Regulators, Shmegulators

So how does the nation's sixth-largest banking corporation get away with it, especially when the Federal Trade Commission prohibits unfair and deceptive advertising practices and specifies that "deception occurs when there is a representation or omission that is likely to mislead consumers acting reasonably under the circumstances"? Easy. Banks, unlike most businesses, don't answer to the FTC. They're regulated by any of four federal banking agencies, none of which has the same kind of detailed false advertising standards that the FTC has. They have, well, pretty close to nothing.

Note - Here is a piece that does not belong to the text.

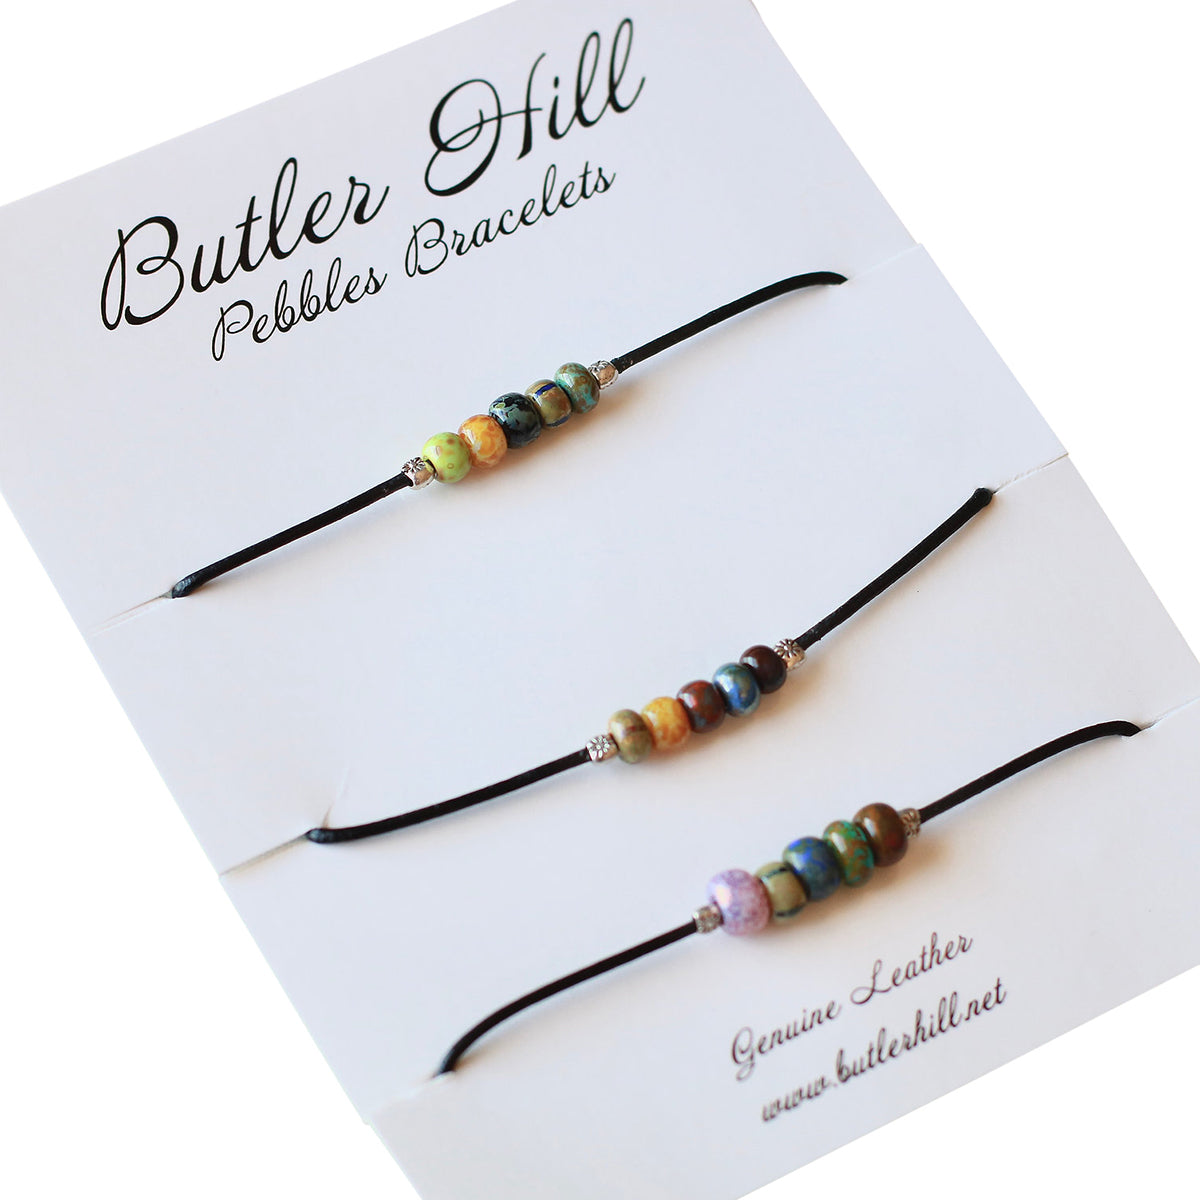 Three Butler Hill Pebble Bracelet Packs Medium with magnetic clasps are displayed on a white background, showcasing the Butler Hill branding details.

The Federal Reserve, which by charter has the responsibility for taking the lead on consumer protection issues among the bank regulators, admits as much: "There is no standard for determining if something's unfair or deceptive," says Adrienne Hurt, a managing counsel in the consumer affairs division of the Fed. Though the Fed has the authority to issue regulations and guidelines, they haven't used it to define or specifically prohibit unfair or deceptive advertising practices.

This is not a surprise to people who follow consumer protection issues in the banking industry. "Consumer protection has never been a priority for the bank regulators. In fact, they bend over backwards to protect the banks' interests," says Ed Mierzwinski, consumer program director the U.S. Public Interest Research Group. When it comes to deceptive marketing, he says, "banks are pushing the limits because they know there's no enforcement of the law."